In today’s race for AI software dominance, there is never a straight line that takes any company from zero to 100 and IFS is no exception. With volatility running rampant among AI providers, IFS is trumpeting something beyond the hype in what its CEO Mark Moffat refers to as no BS AI.
While IFS may not be a household name in AI, its ability to shape things in next-generation computing is hardly in doubt from agents to robots and from data to business processes because of its pedigree, investors and partnerships, in addition to the most important factor of all – its customers covering the who’s who in manufacturing, aerospace and utility like John Deere, Lockheed Martin, and TotalEnergies, according to our Buyer Insight Technographics Database.
At a recent event in New York City, IFS spread its wings further and wider by tapping into the inner sanctum of any organization that makes and maintains products and equipment with a slew of initiatives and partnerships. The central message of its Industrial X is that anyone serious about transforming its operations in the age of AI needs to zero in on three components – product breadth, agility especially in support of strategic platforms as well as turnkey partnerships.
After a series of acquisitions and internal development efforts, IFS has assembled a robust collection of Enterprise Resource Planning for financial management, Enterprise Asset Management for keeping and monitoring assets like cell towers, baggage handling systems and power transformers in tip-top shape, along with service management tools for optimizing field service operations and IT functions.
More recent acquisitions include Loops for agentic workflow, 7bridges for supply chain AI and logistics optimization, and Copperleaf for analytics and integrated planning for risk, sustainability and ESG measures.

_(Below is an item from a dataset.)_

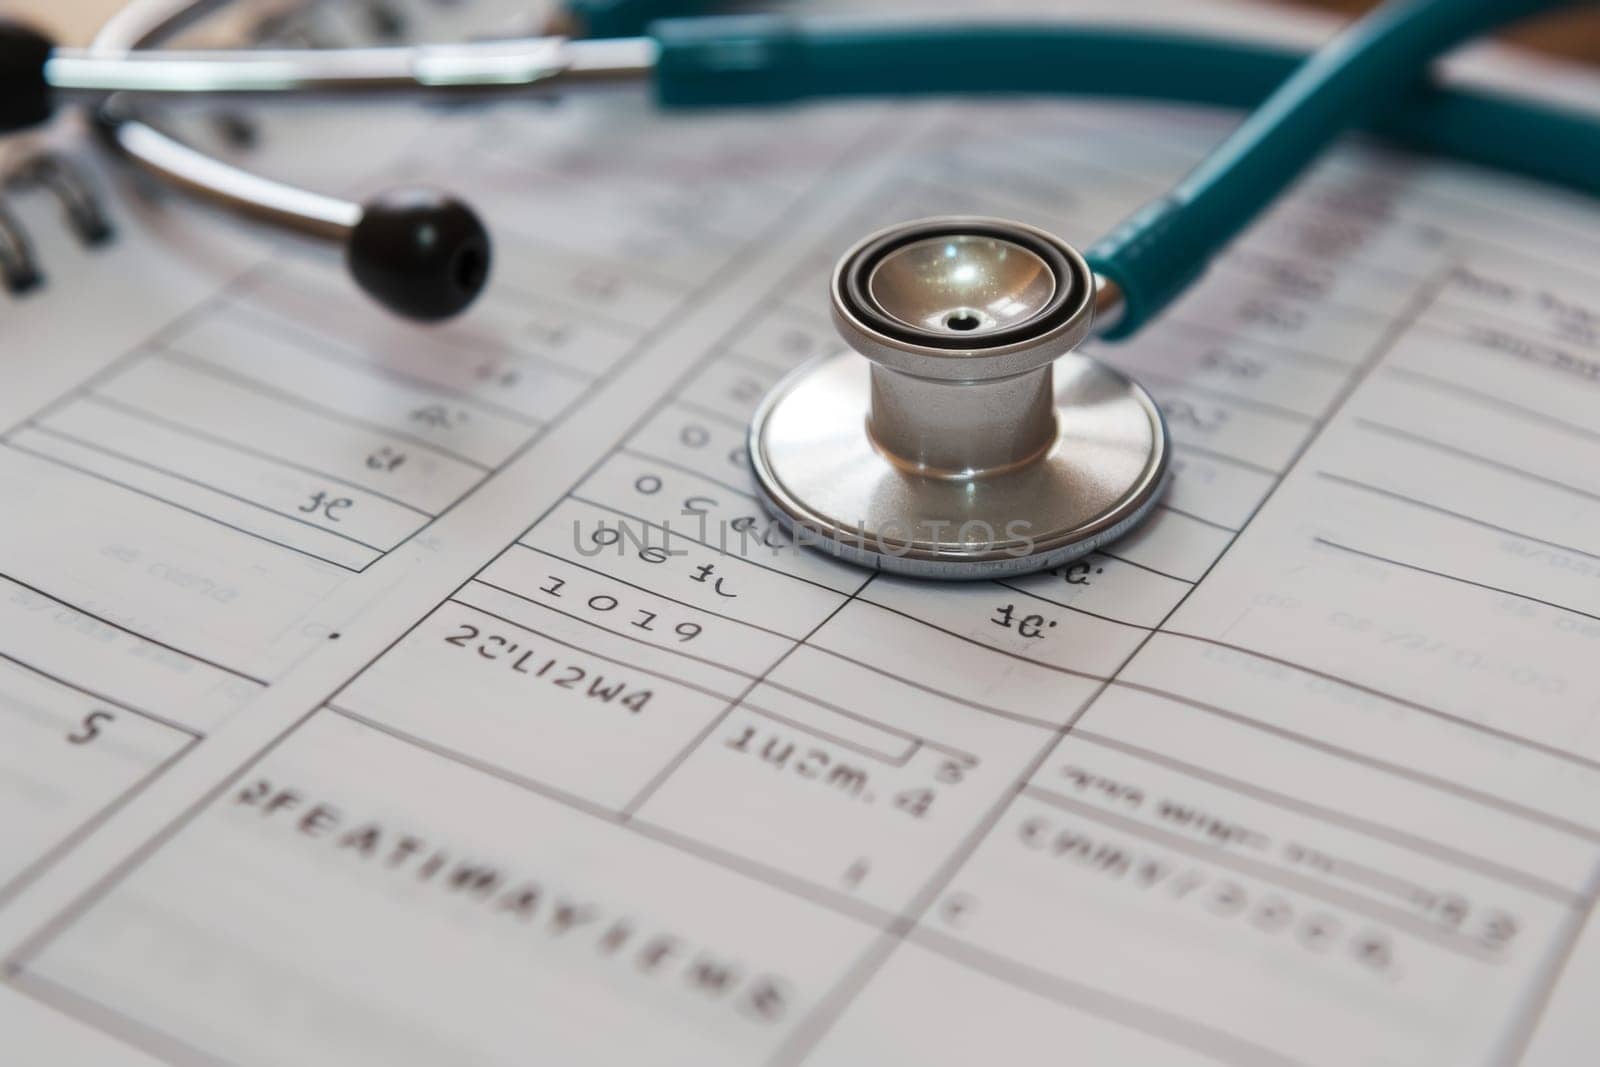 A stethoscope resting on a calendar, marking important healthcare check-ups and appointments.

With that one is capable of applying the right set of solutions to address the pain points that cannot be easily solved with generic chatbots or AI modeling that spits out poor inferencing because of faulty or incomplete data. Moffat said applying industrial AI in such cases is no different from preparing fixes to a machine before it breaks down by incorporating every bit of information, synthesizing it and scheduling the steps needed to swap out parts after pinpointing their mean time between failures.
One can do wonders by applying the same philosophy to boost customer satisfaction by eliminating shipping mistakes, lower attrition among overworked employees through smart scheduling, or even thwarting recidivism among alcoholics and convicts by picking up early signals and extending help in advance.

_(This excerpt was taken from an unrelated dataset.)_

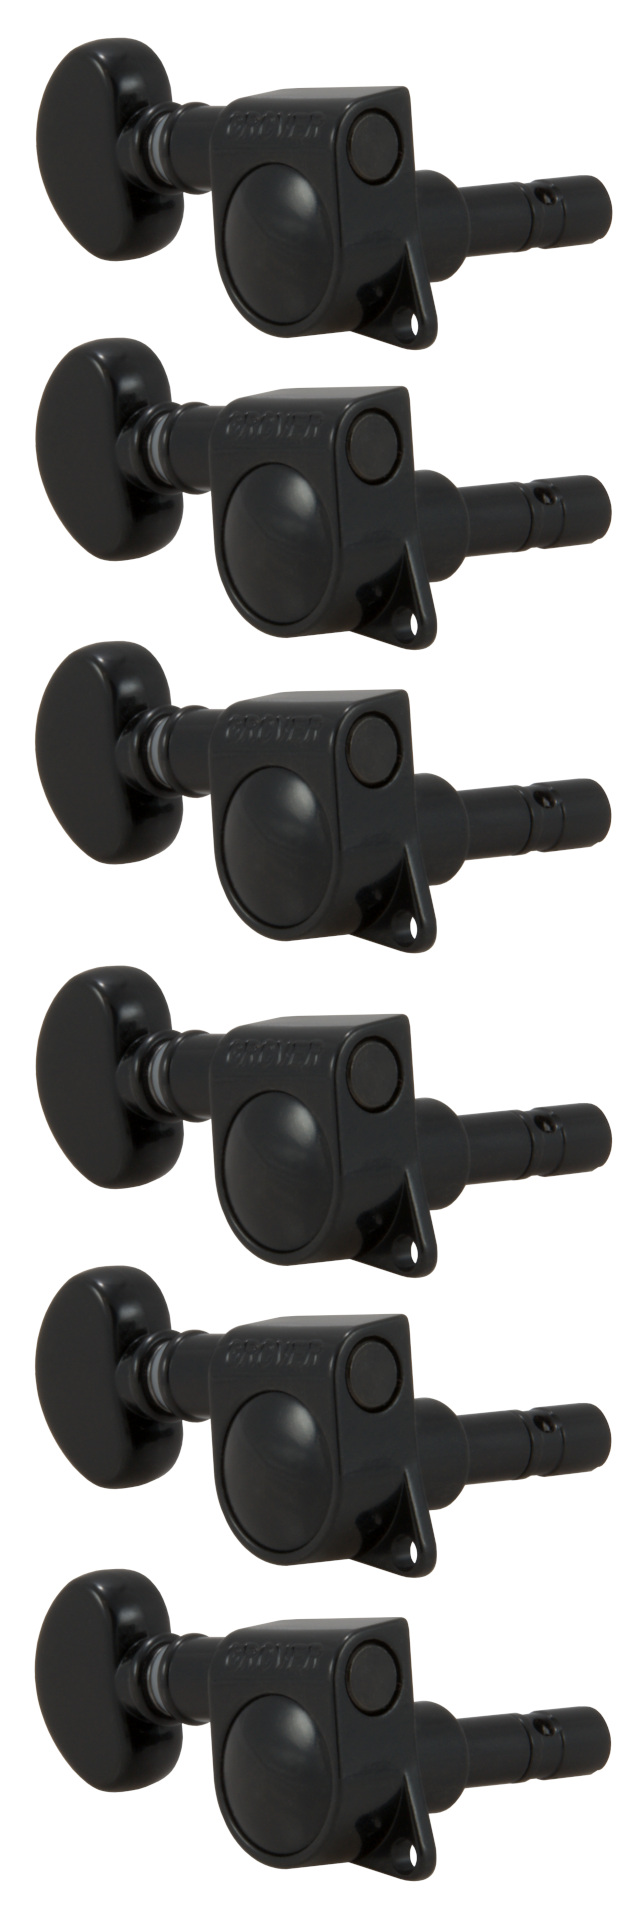 Grover 406BCL6 Mini Locking Rotomatics with Round Button - Guitar Machine Heads, 6-in-Line, Lefthand, Treble Side (Right) - Black Chrome

Ecosystem support is another key plank of its Industrial AI strategy. This year, IFS trotted out a host of new and expanded alliances with the likes of Anthropic for B2B large-language-modeling, Boston Dynamics and 1X Technologies for robotic integration, and Siemens for grid planning and asset management.
‘‘We are putting human, digital and robotic into one system,” Moffat said, adding that IFS has already delivered more than 2,000 assessments and templates on its so-called Industrial X Applied, generating tangible value in bottom-line savings and top-line benefits to many of its 5,000 customers.

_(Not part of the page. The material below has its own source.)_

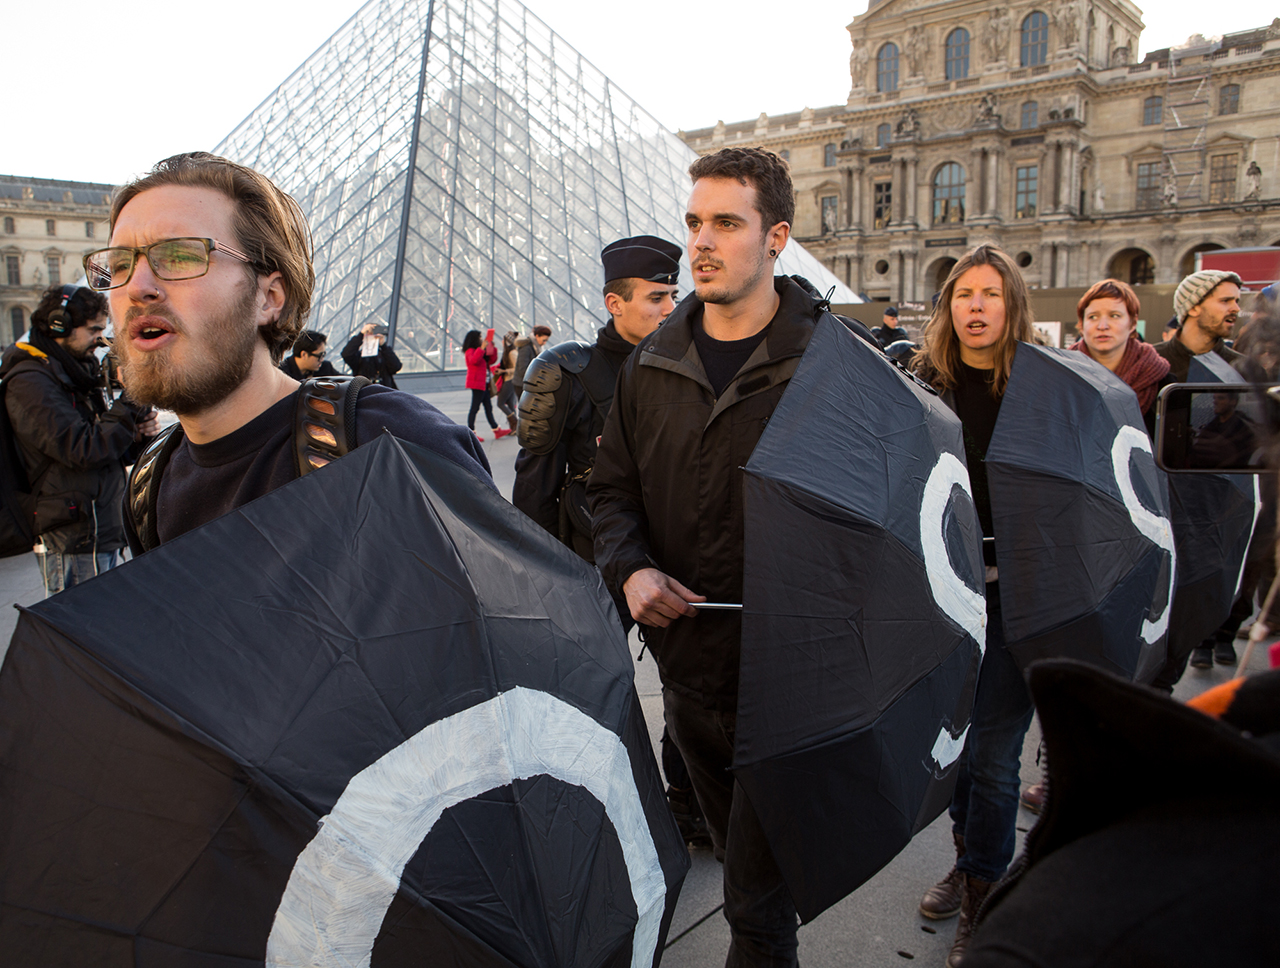 Protesters in front of the Louvre

In addition to its partnership with Microsoft for Azure development, IFS spared no effort to promote its alliances with PWC, Accenture and Deloitte, which have impressed upon hundreds of attendees at the event with the importance of the Industrial AI pivot. Mohamed Kande, global chairman of PWC, added that what’s at stake is not just the necessity to improve their efficiency but also rendering them with a more defensible position amid stiffening competition at the global level.
IFS also launched its AI accelerator engine called Nexus Black that aims to speed time to market for AI development efforts by offering templates for use cases like predictive maintenance, manufacturing scheduling and intelligent automation. All these developments underscore the new journey that IFS has embarked on since it went private in 2016 after decades of building out its ERP applications offerings for manufacturers in Europe, Americas and Asia Pacific under its old name Industrial and Financial Systems.
In March, its owner PE firms EQT and TA Associates rebalanced their portfolios by selling a big chunk of IFS to Hg and other investment funds. HgTrust, now a co-controlling shareholder, would invest approximately an additional £124 million in IFS to fund its expansion.
In its first half of fiscal 2025, IFS announced a 30% rise in annual recurring revenue and a 37% jump in cloud revenue. Total revenue exceeded 1.2 billion euros in 2024. In a filing with the UK authorities, IFS said its UK division saw a 30% increase in total revenues to $204 million in 2024 with UK customers contributing to a 40% spike in sales.
Whether IFS can repeat that depends on how customers can replicate some of IFS’ use cases at a global scale and overcome inertia. One major US equipment manufacturer who attended the event said it’s one thing to use AI automation to save a few minutes or even a few hours for any workflow, but it’s something else altogether to expand it across the board in order to achieve the overall organizational efficiency. Equally essential is to find ways to resist any pushback from employees through effective change management, he added.